Required action:
Below are records with pictures. Transcribe exactly, and only, the lines from the line with "WEST POINT PRODUCTS" to the line with "Measurements: weight 2.52g, size", both ends included, but not the pictures.

Data:

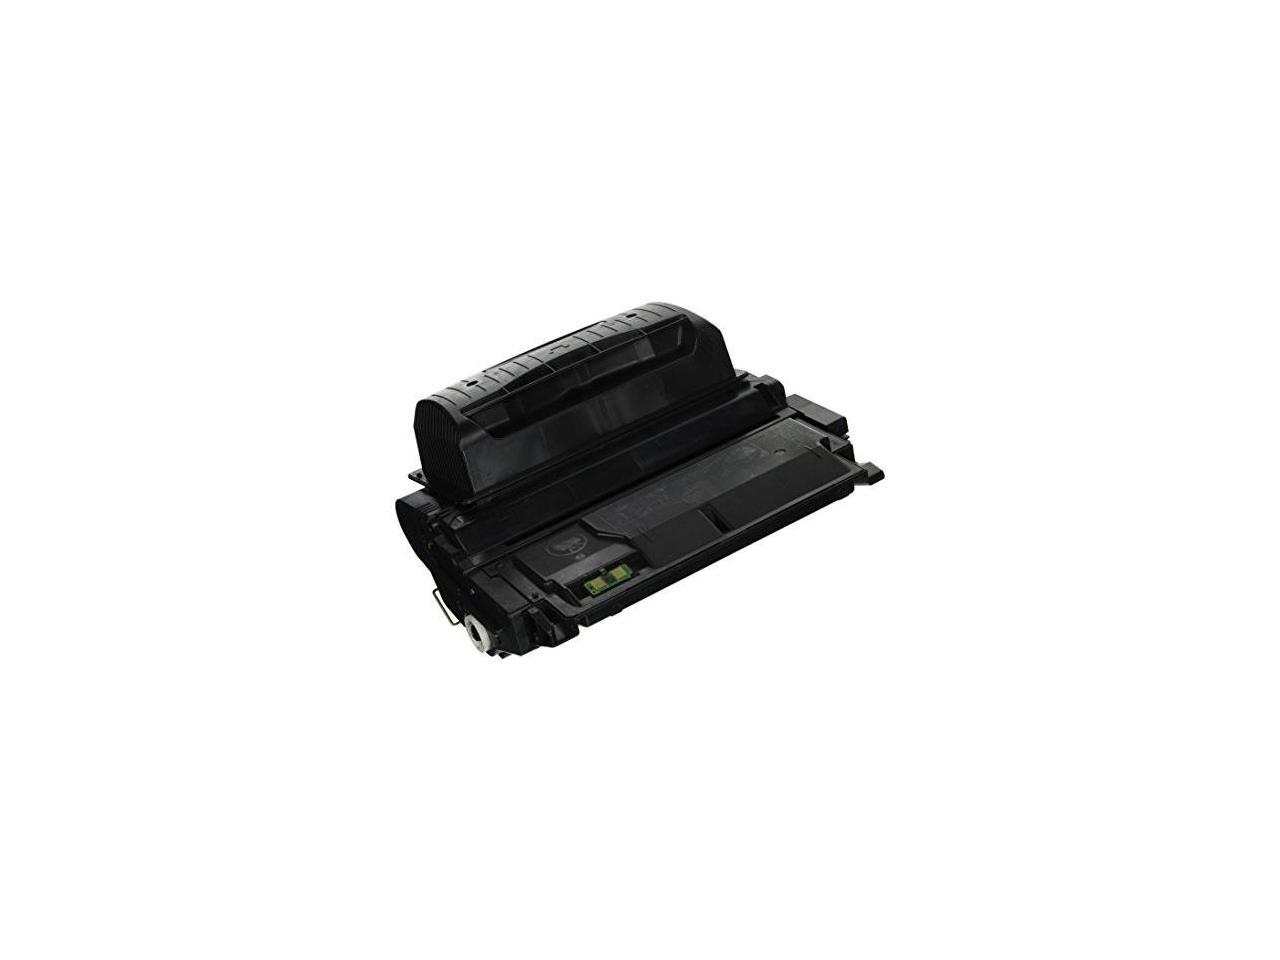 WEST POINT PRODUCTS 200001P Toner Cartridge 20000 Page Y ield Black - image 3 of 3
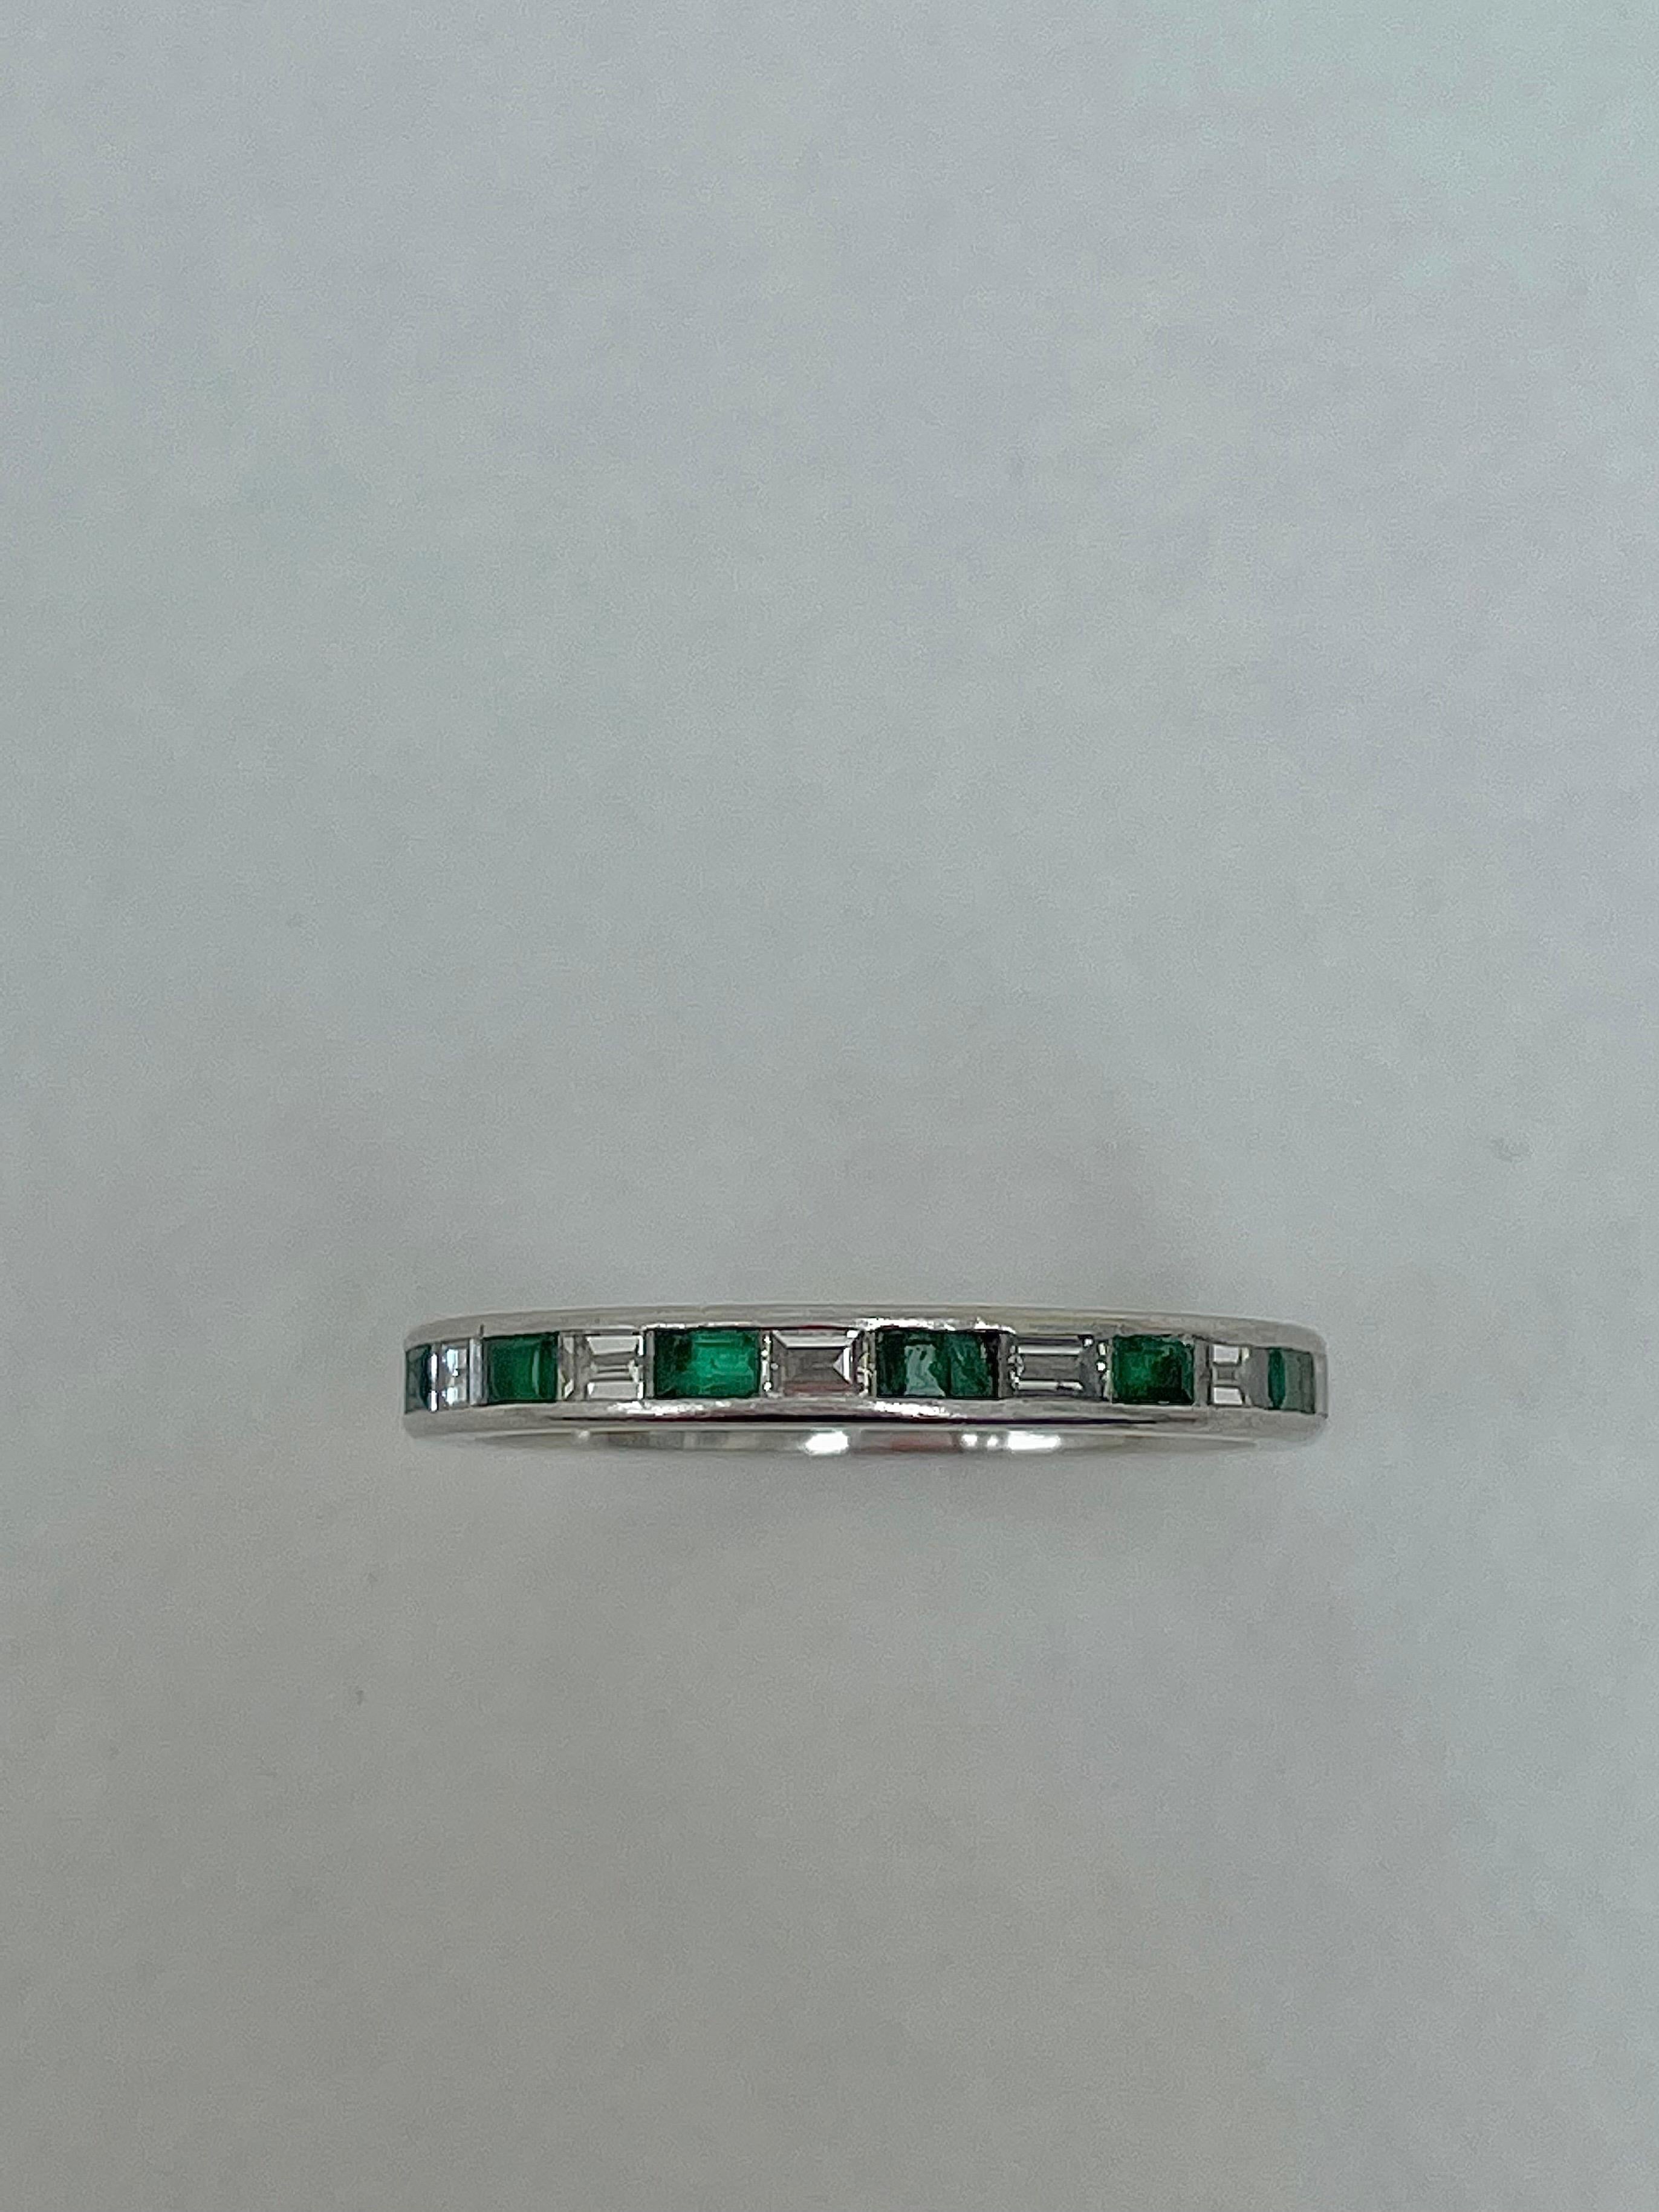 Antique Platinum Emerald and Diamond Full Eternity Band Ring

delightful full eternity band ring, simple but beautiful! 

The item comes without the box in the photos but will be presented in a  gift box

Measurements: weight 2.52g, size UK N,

...

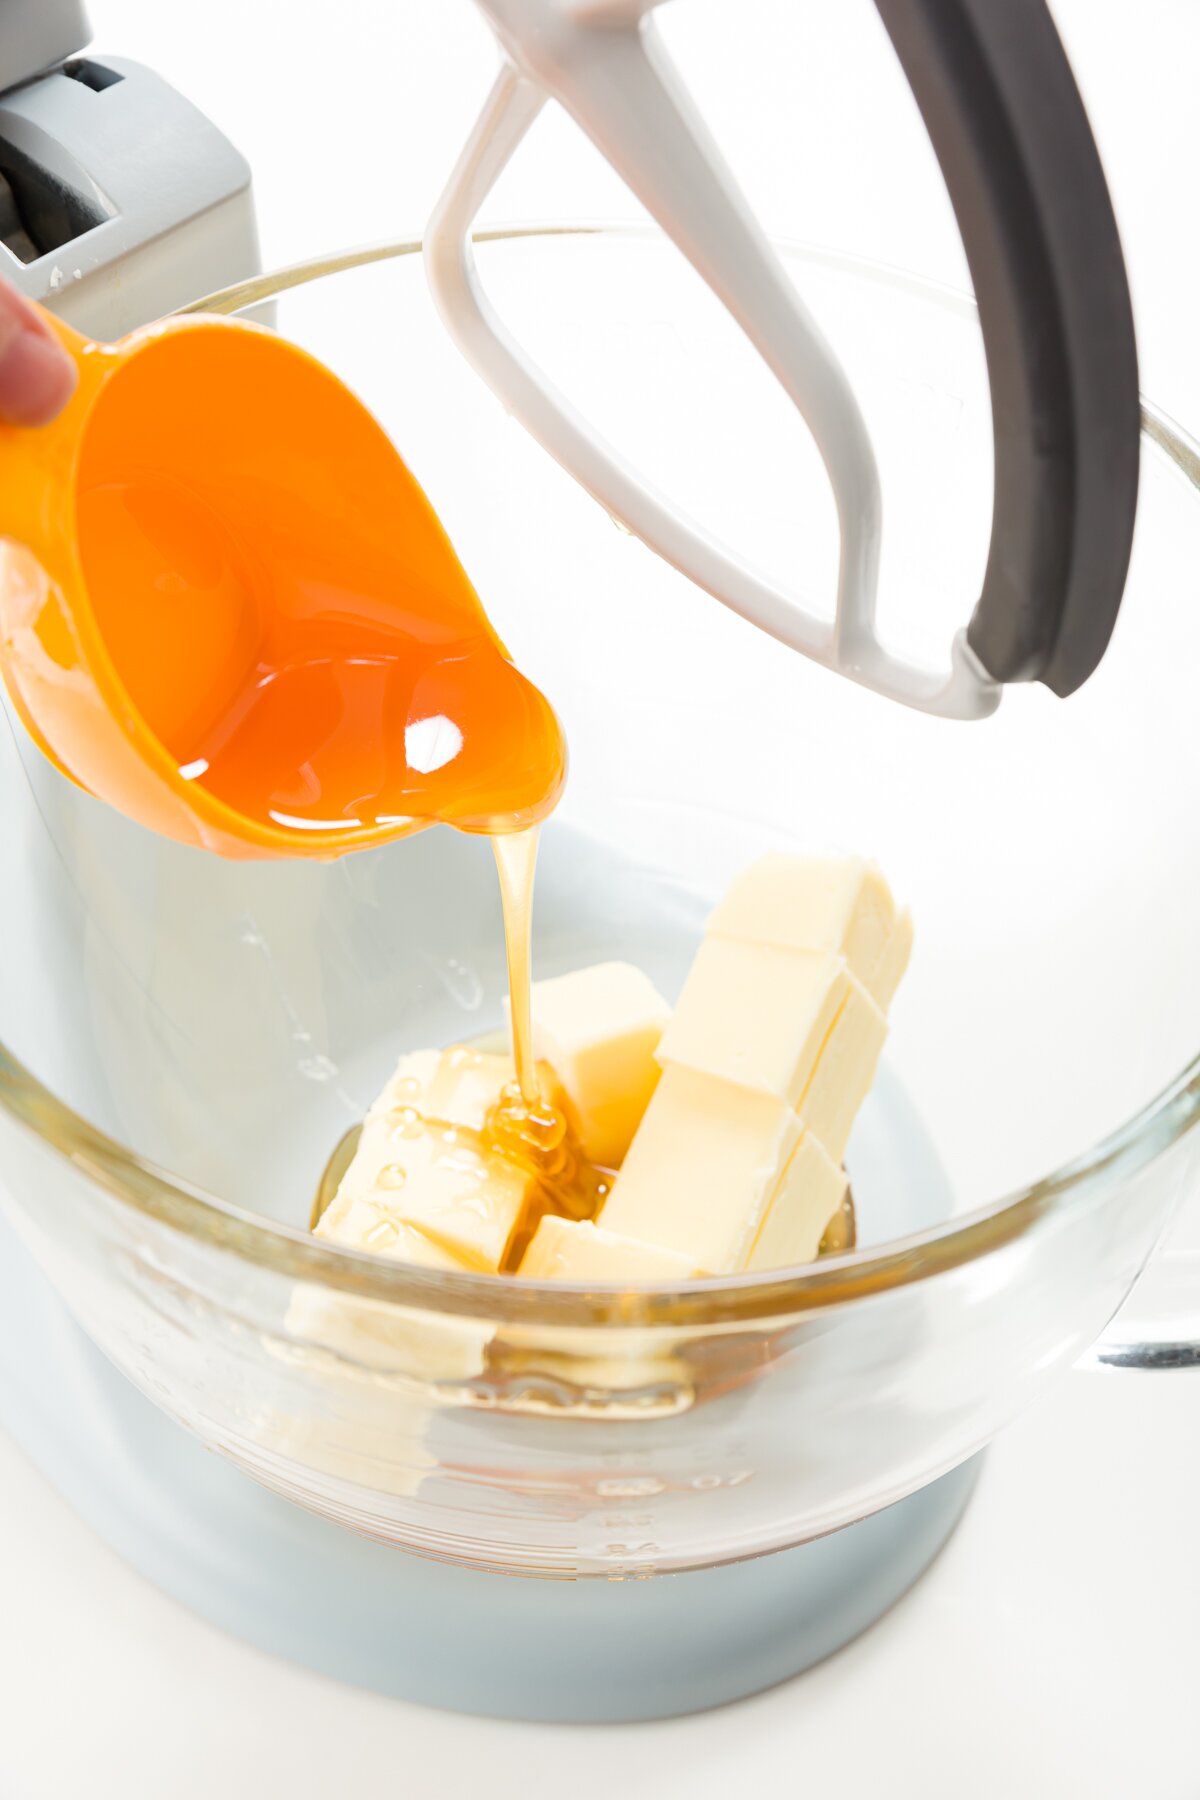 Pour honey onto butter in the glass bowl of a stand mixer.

Solution to this problem:
 WEST POINT PRODUCTS 200001P Toner Cartridge 20000 Page Y ield Black - image 3 of 3
 Antique Platinum Emerald and Diamond Full Eternity Band Ring

delightful full eternity band ring, simple but beautiful! 

The item comes without the box in the photos but will be presented in a  gift box

Measurements: weight 2.52g, size UK N,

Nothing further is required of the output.